Without the beach access, vehicles and equipment that will be used for the beach nourishment project north of the Army Corps of Engineers’ research pier will now have to make a trek of around 3 miles from the Town of Southern Shores access ramp.

On October 6, the council approved moving forward with obtaining an easement to allow construction of what the N.C. Division of Coastal Management calls a “Hatteras ramp” on the northeast corner of the Barrier Island property adjacent to the complex’s lone dune walkover and other recreation facilities.

The access would be located north of the dune walkover and gazebo at Barrier Island Station. [courtesy Town of Duck]

A rubberized, wheelchair access mat that can be removed as required by Coastal Area Management Act regulations would have also been part of the ramp.

Sandy Cross, senior planner with Duck’s Department of Community Development, said during the October 6 meeting the immediate need to obtain the easement is to allow contractor vehicles and equipment from the town’s beach nourishment contractor access to the oceanfront.

The state permit for the project designates Barrier Island and Port Trinitie as temporary construction drive-on access locations.

Cross said the easement would also give Surf Rescue and other first responders another access to the beach for their vehicles.
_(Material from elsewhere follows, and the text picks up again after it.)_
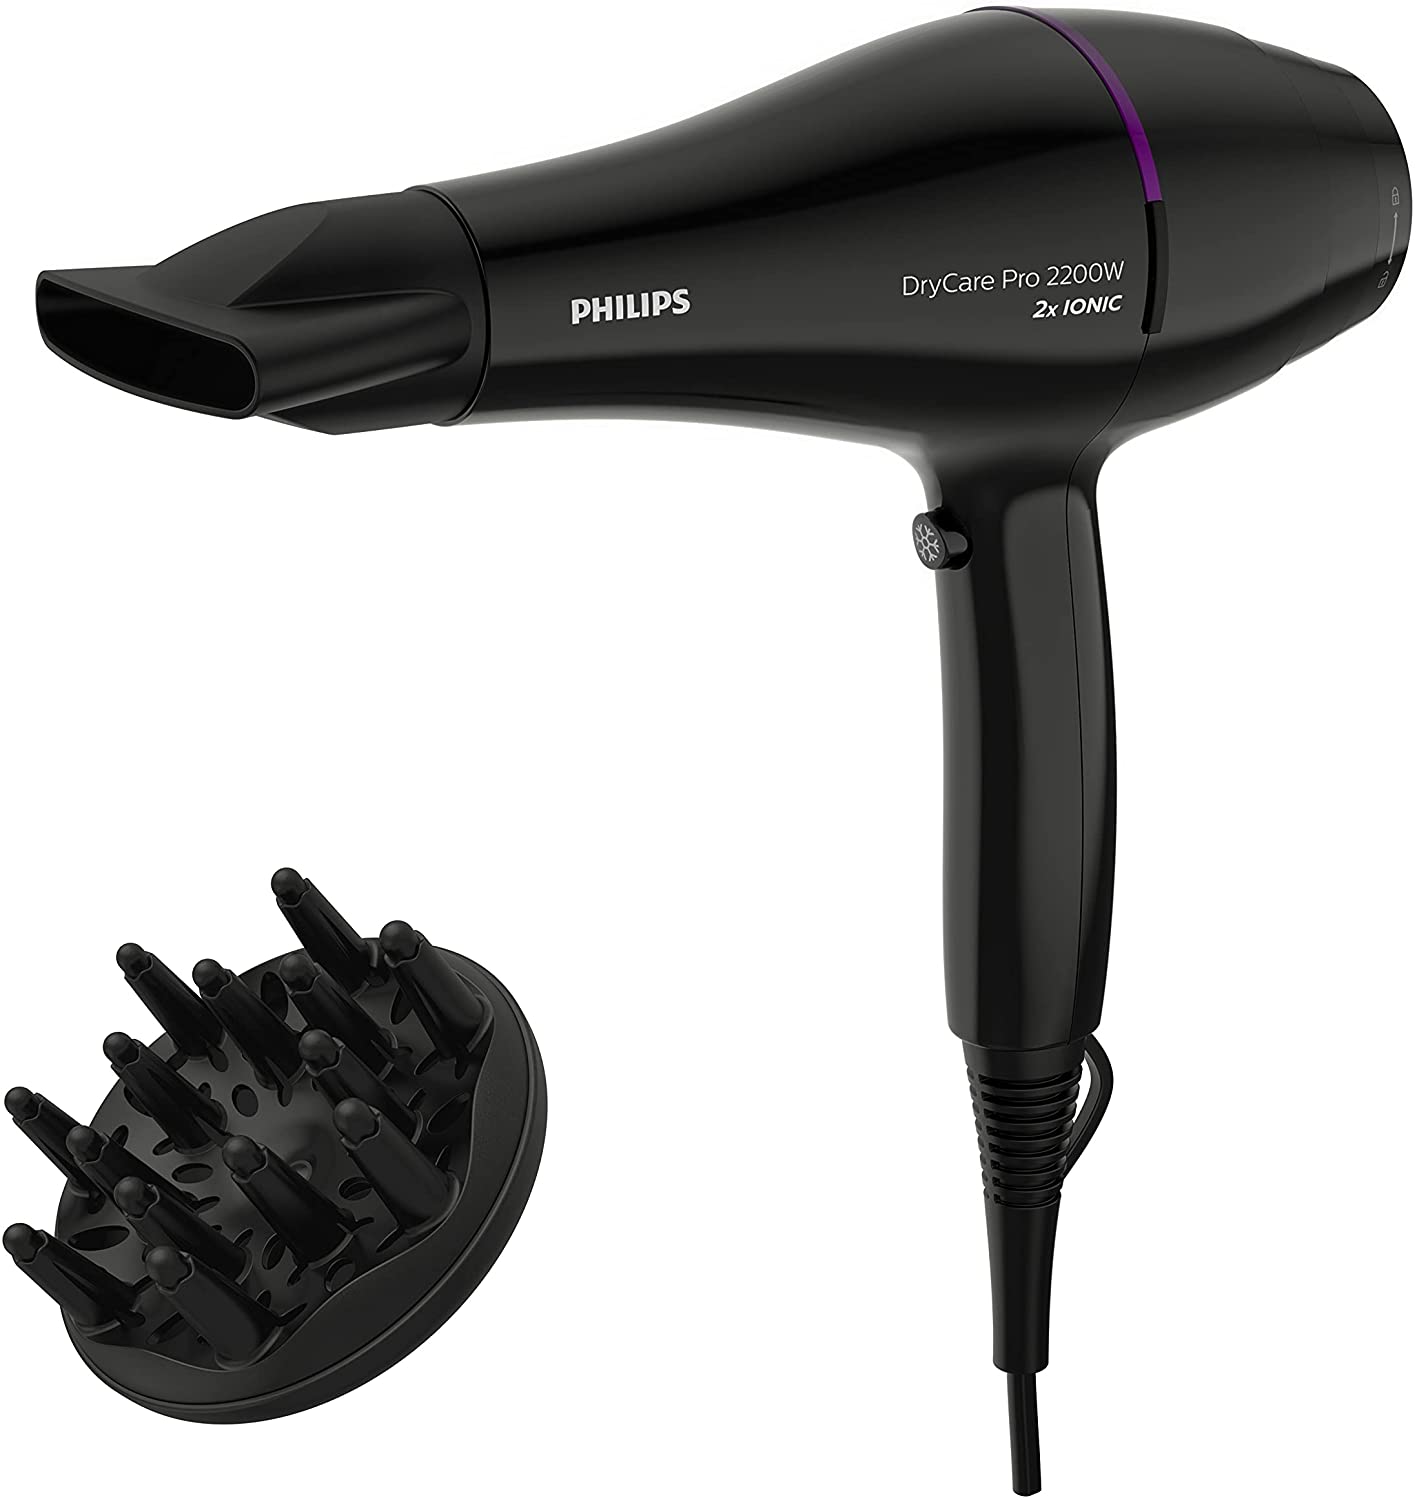 Philips Drycare Pro Hairdryer - Bhd27403, Black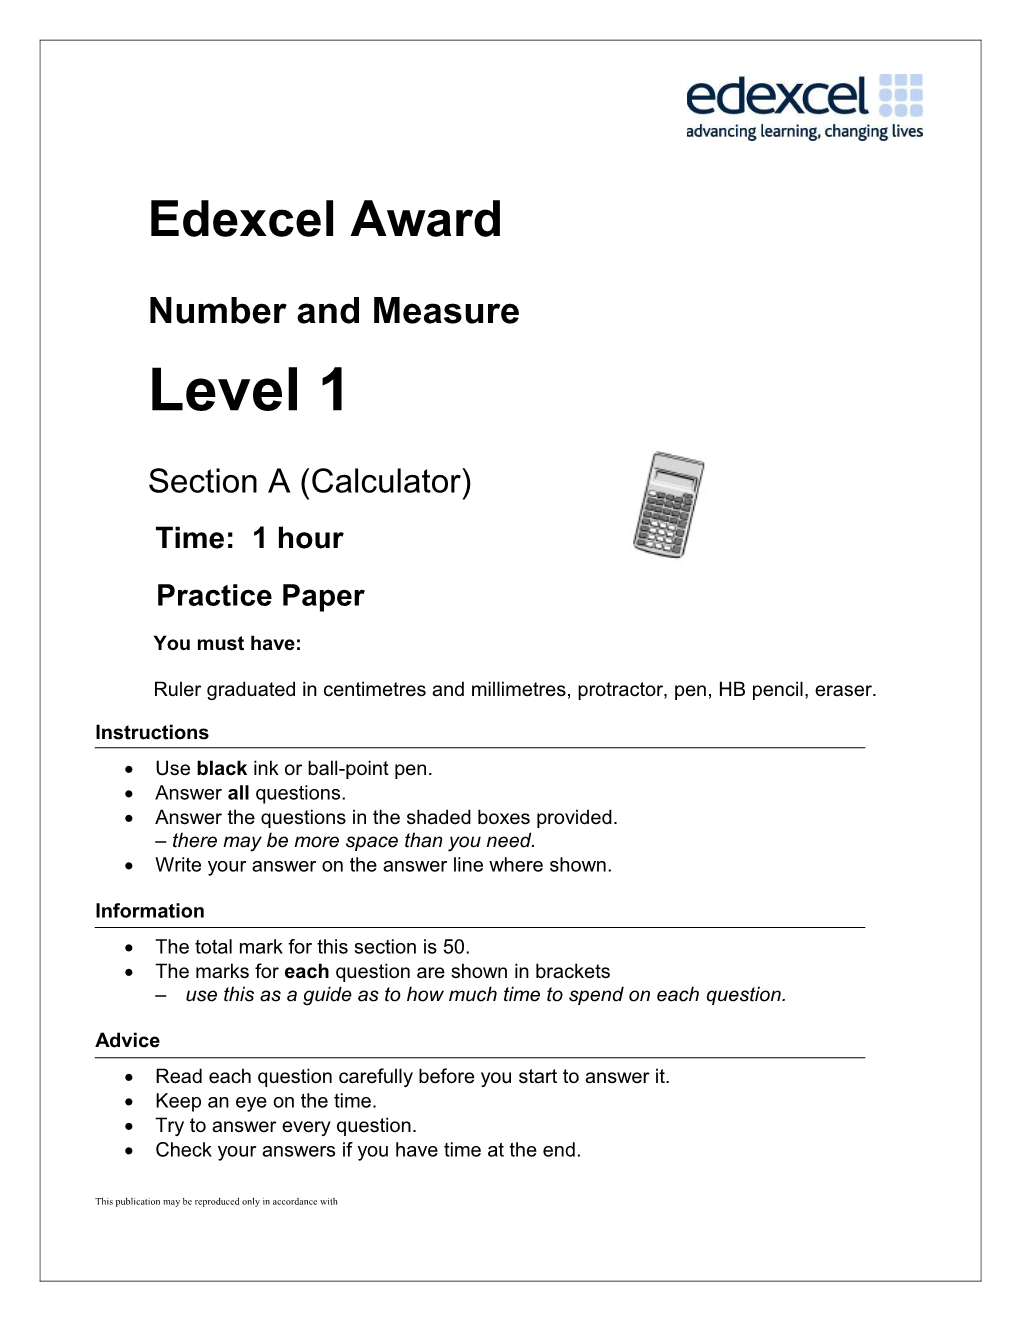 Level 1 Number and Measure Practice Paper

There is a restricted-use vehicle access at the Army Corps of Engineers Research Pier, which is near the Duck fire and police station, around one-half mile north of Barrier Island Station.

After the Army granted use of the ramp for the town’s first beach nourishment project in 2017, the military is not allowing access for equipment and trucks from Weeks Marine during the project that is scheduled to begin off Duck this month.

Under the town’s proposal for the new ramp, owners of condos in Barrier Island Station would be able to use the access during the off-season consistent with town’s code, which allows driving on the beach by the public between October 1 and April 30.

There are no public four-wheel drive vehicle or pedestrian accesses located in the Town of Duck, with the lack of pedestrian access available to the public the subject of a lawsuit that was halted by the N.C. Supreme Court in March.

The decision to seek the easement came despite vocal opposition during the public comment portion of the nearly six-hour-long meeting last month.

More than 150 emails were also sent to the town against the proposal, expressing concerns over safety, the environment, and equity of access.

Written opposition was also submitted by the homeowners association at Ship’s Watch, which is located immediately north of Barrier Island Station, which said in a letter sent to members on September 26 they intend to retain legal counsel and file objections to the ramp proposal.